I use Twitter a lot — more than Facebook, more than email, more than Feedly and RSS (still a good tool, by the way), and way more than LinkedIn. Twitter is my primary mechanism to gather information about the world and to follow interesting or funny people. I don't use hashtags; to me Twitter is all about a self-curated feed, the sources of which I review once a month. I'd be delighted if Twitter lasts forever in its current form.

Nevertheless, many people in Silicon Valley and Wall Street consider Twitter to be a failure. Some even predict its death. How can a company that has attracted 300 million users be in such disfavor?

Twitter's share price is far below the IPO price. This is a symptom not a cause, but it makes the investment community look bad. They don't like that, and they'll find someone to blame. The real problem is that Twitter's user base has flatlined at 300 million but the company's operating expenses are aimed at a much larger user base. In contrast, Facebook's user base continues to grow (now exceeding 1.5 billion).
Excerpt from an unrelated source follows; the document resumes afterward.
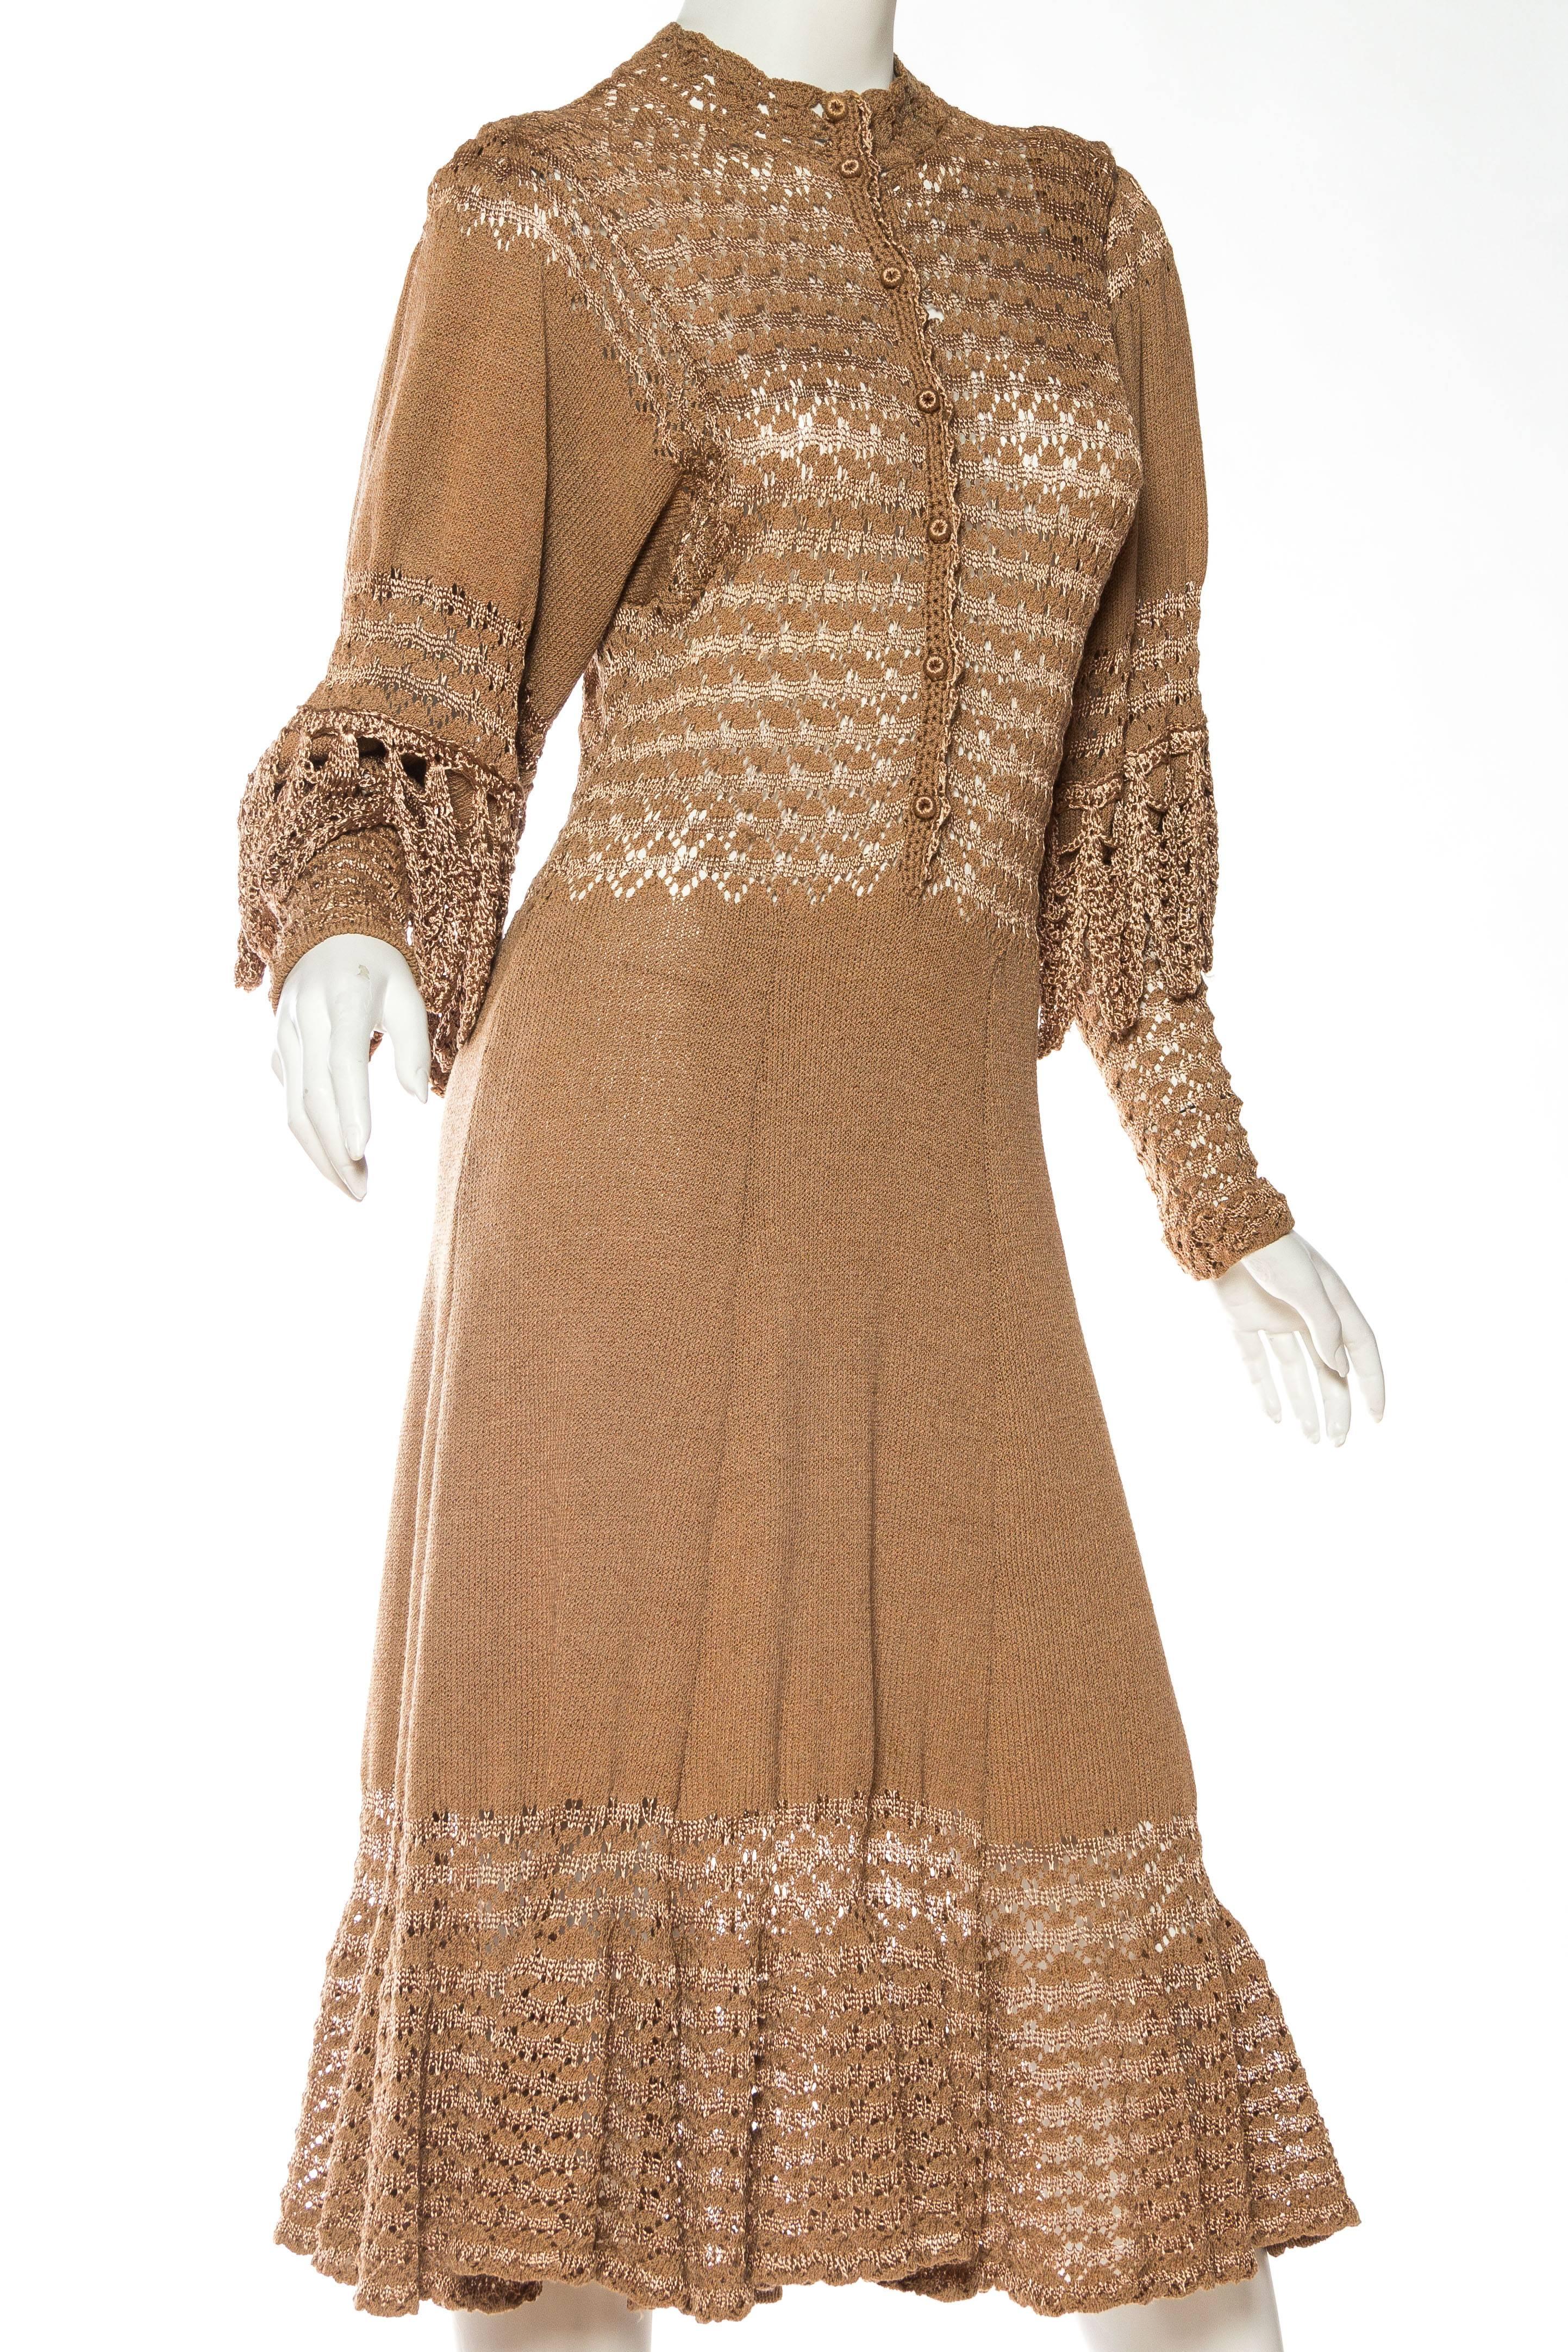 Women's 1970s Victorian Revival Knit Dress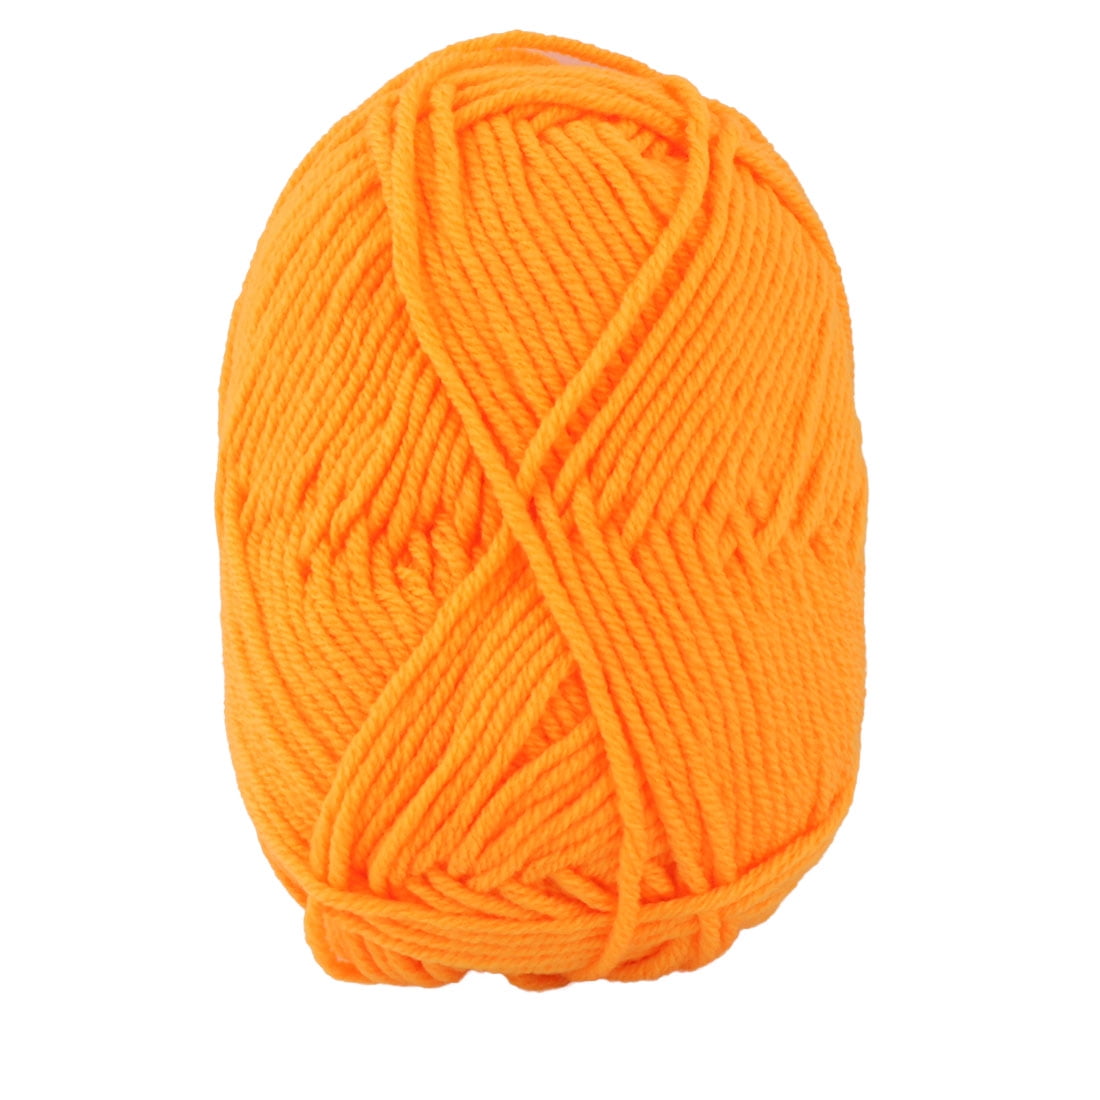 Ball of Yarn Orange

Twitter has been extracting more revenue per user in the form of advertising and promoted tweets, but the gap between revenue and expenses remains very large. This cannot continue forever. Either the company triples its user base (difficult), cuts expenses to turn a profit on the user base that it has today (very difficult), or finds a way to generate even more revenue per user (incredibly difficult). No wonder the CEO's office at Twitter has been a revolving door!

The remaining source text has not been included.